PS- Stats from NationMaster.com, a database of country by country statistics of all sorts. Cool site, which also has a state by state counterpart.
Update: Now that I have had time to poke around, I cannot find this data in the sources quoted, so it must be considered potentially suspect. The sources quoted actually try to make the point that US lags Europe in fighting poverty, so the conclusion of the chart above is not even consistent with the sources. (my guess is the data comes from the Luxemburg Income Study). However, it is interesting that this source material makes the same mistake I am trying to correct for here: That is, it defines poverty as a percentage of the median income in the particular country, rather than an absolute value, such that a country can have poor who are better off but still fail on the metric. You can see that here, where US has high poverty as on a "percent of median income" definition, but since we have the highest incomes in the world, it effectively gives the US the highest poverty bar to clear.
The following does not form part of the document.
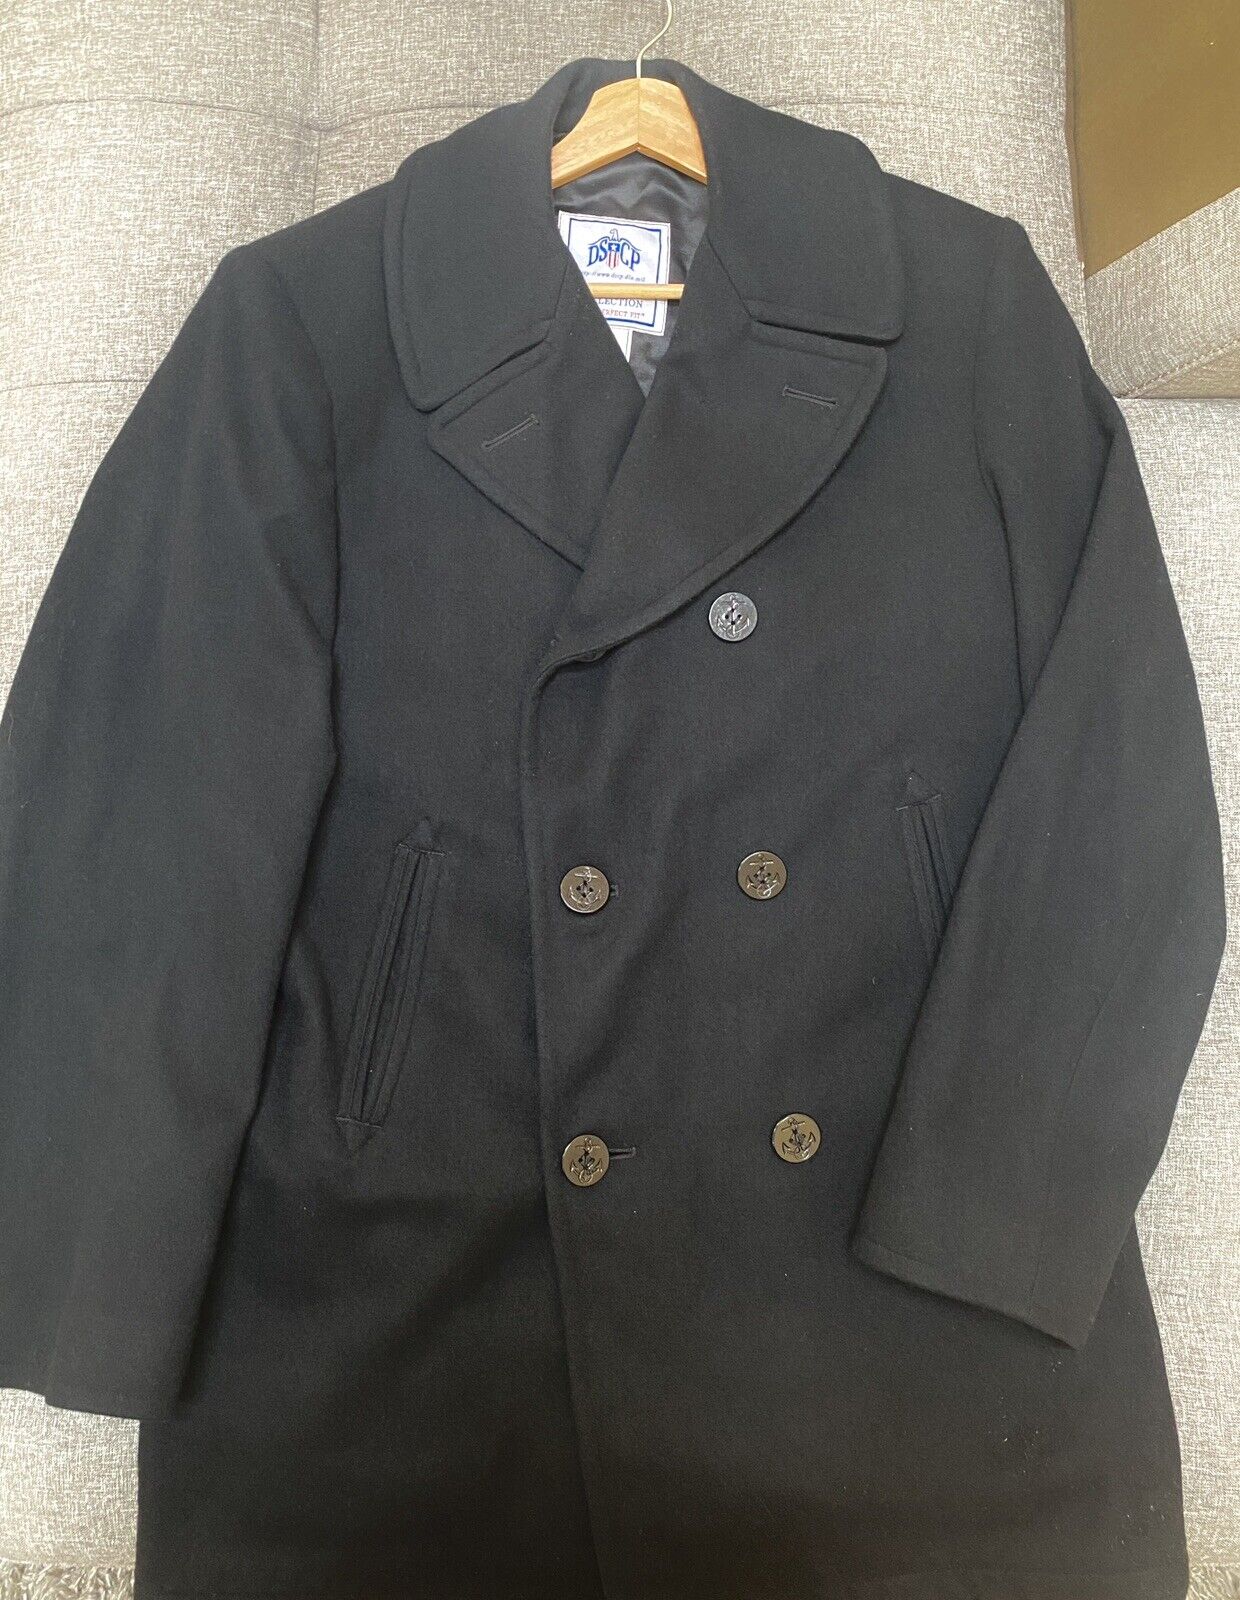 DSCP Quarterdeck Collection US Navy Pea Coat SIZE 42XL Wool Military Issue Black

Here is what I am looking for: Ideally, I would like to find a comparison of the median income say of the bottom quintile of each country, compared in absolute dollars on a PPP basis across countries. I would like to see the number both before and after government transfer payments. Europe, in their welfare economies, do better on poverty metrics when government transfer payments are included (and I am almost sure the chart above is before government transfer payments). However, I would argue that for the long term health of the economy, you would like to see how the poor are doing before these payments. Ultimately, and I will borrow a bit of environmentalist language here, this is going to be the most sustainable economy, where the poor gain wealth on their own, not from the welfare system. In fact, the welfare state, and this was my original point, actually suppresses self-earned income of much of the poor by eliminating the incentive to work. That is why I still think the chart at the top may be correct.
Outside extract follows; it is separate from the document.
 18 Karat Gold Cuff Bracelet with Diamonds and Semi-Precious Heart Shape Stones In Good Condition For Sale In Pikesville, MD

Update #2: One other difference between the US and European nations is that we are much more open on immigration (yes, it may be illegal, but we pretty much still allow it). These immigrants, legal or not, are counted in our economic and poverty stats. If we assume there are about 15 million mostly poor illegal immigrants, plus millions of other quasi-legal immigrants, plus millions more who got amnesty in the 1980's, these immigrants add at least a fast five percentage points to any poverty metric the US is measured on.
I have been surfing tonight, and it seems there are a ton of studies showing that US poverty is growing for some reason. Duh. Tens of millions of absolutely poor people, mainly from south of the border, have come to the US over the last several decades. It is no secret all these immigrants are poor -- that is why they are coming here, to find something better for themselves. Of course we have had a surge in poverty - we have been importing it like crazy! I happen to be pro-immigration, but I am fed up with these studies that try to pin the blame on growing poverty in the US on government transfer payment policy. It's the immigration, stupid! Several studies particularly lament the fact that childhood poverty is rising in the US. Can anyone think of a way this might be correlated to tens of millions of strongly Catholic Mexican immigrants, each and every one committed to large families?